Eight Men Out (1988) – Review

Where to watch Eight Men Out

4 Stars

What is it about the sport of Baseball that so easily translates to the screen? If you were to make a list of the best sports movies of all-time, I’m positive movies about baseball would comprise the majority of the spots. On that proverbial list, would surely be John Sayles’ excellent film Eight Men Out. This is a picture as concerned with organized crime, greed, workers unions, and sports writers as much as it has to do with the game itself. From the opening shot of a young boy running through the crowed streets of Chicago circa 1919 on his way to the ballpark to catch the White Sox, Sayles establishes an authoritative tone on the story, which is told with clarity, and a level of sympathy towards the outcast players.

The Chicago White Sox were considered the favorite to win the 1919 World Series. The team was compromised with some of the greatest names to ever play in the game’s early era, Joe Jackson, Buck Weaver, Eddie Cicotte, etc. After clinching a divisional pennant, the Sox birth themselves into the Series. This success is typically accompanied by a bonus, but tight-fisted team owner Charlie Comiskey stiffs the squad by offering (warm) champagne in their locker room and little else. This slighting leaves a number of players smarting and ripe for organized crime figures to enter the picture.

Noted mob figure Arnold Rothstein (Michael Lerner) is the powerful money man behind the financial backing that allows two underlings to start ‘buying’ up Sox players. After a few payoffs, word spreads and before the first game most of the squad is on the ‘take’. Their lackluster play on the diamond doesn’t go unnoticed by either Coach Gleason (John Mahoney), or nosey sports journalist, Ring Lardner (John Sayles).

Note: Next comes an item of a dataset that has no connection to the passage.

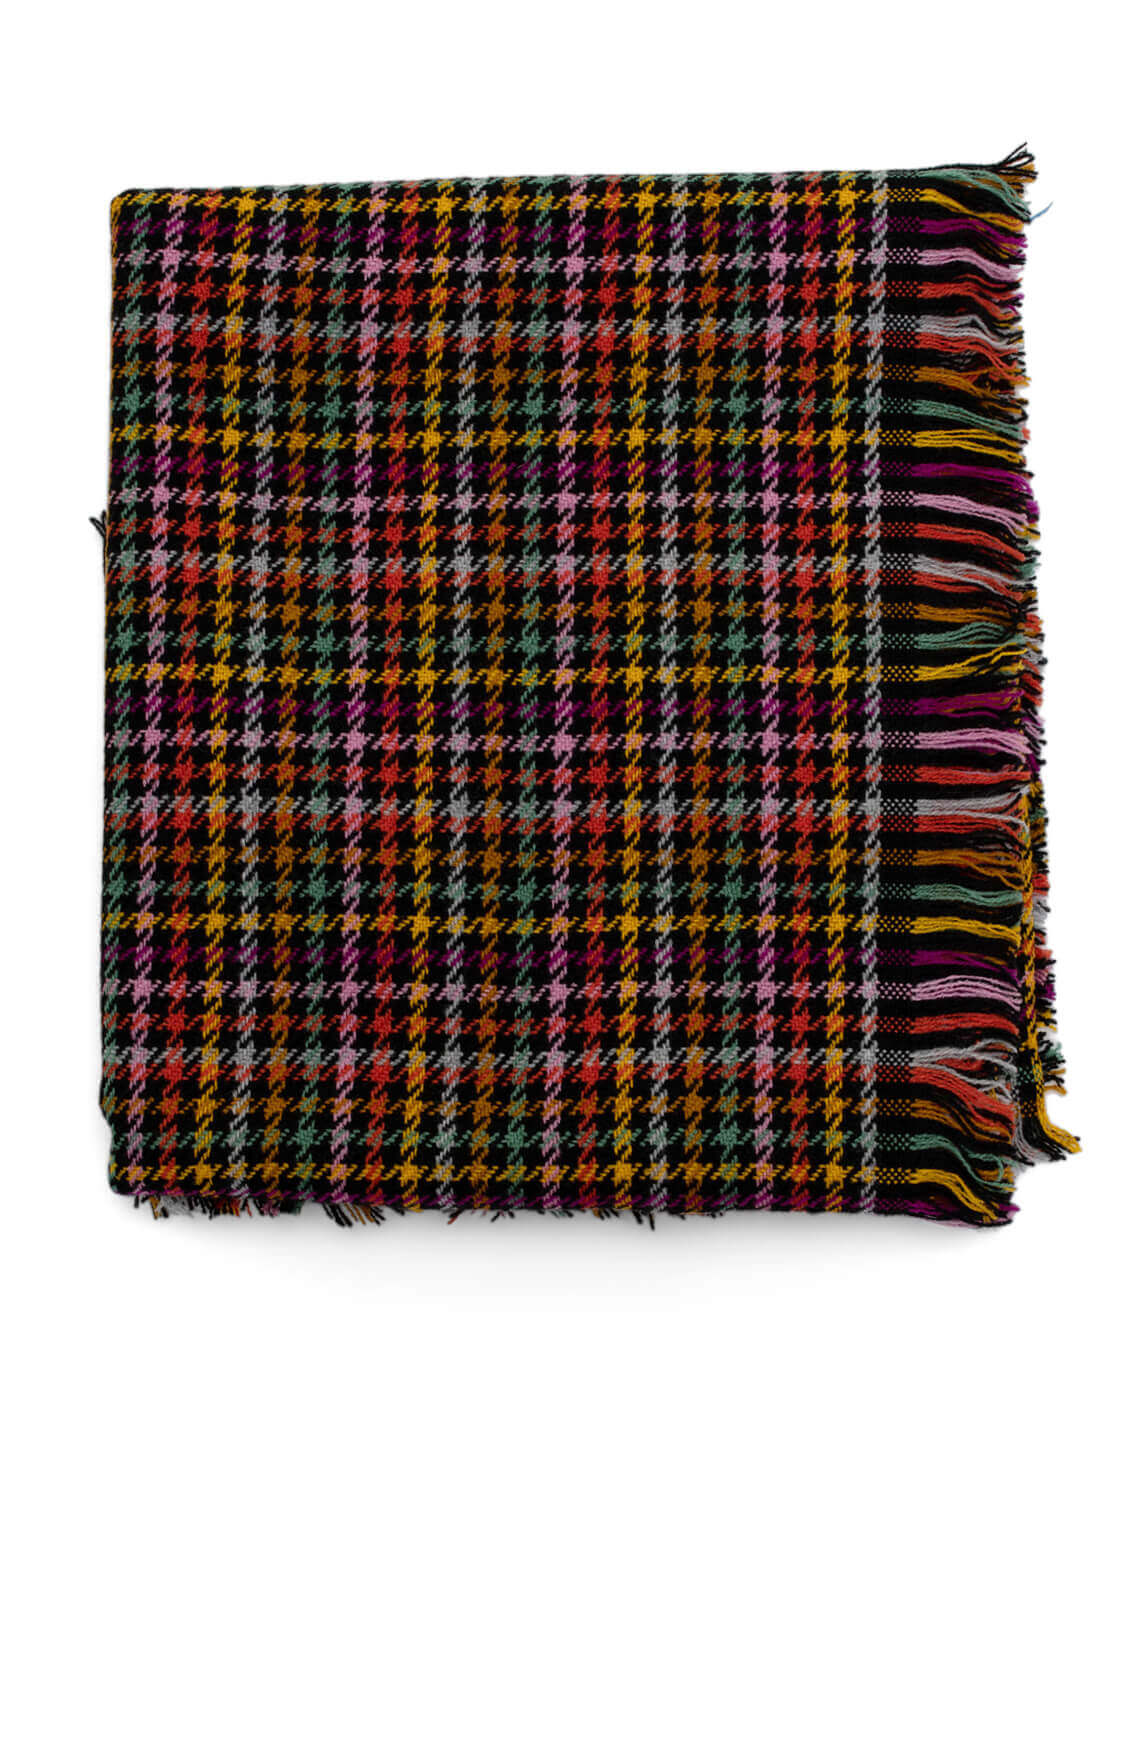 Codello Dames Pied-de-poule shawl zwart

Eight Men Out chronicles with great detail the first National scandal in American sports. Though, it plays coy on certain elements; Did Weaver and Jackson take money? Did they still play hard despite being paid to lose? This isn’t a movie with condemnation on the agenda. The creative team behind the project are far more interested in providing a though provoking, historical narration on the corruption of a seemingly infallible institutions. Fantastic acting from John Cusack, Michael Rooker, David Strathairn and a dozen others adds to the dramatic tension of scenes involving back-room dealings and peer pressure among the team. John Sayles’ Eight Men Out is one of the best movies ever made about our Country’s oldest running sporting organization.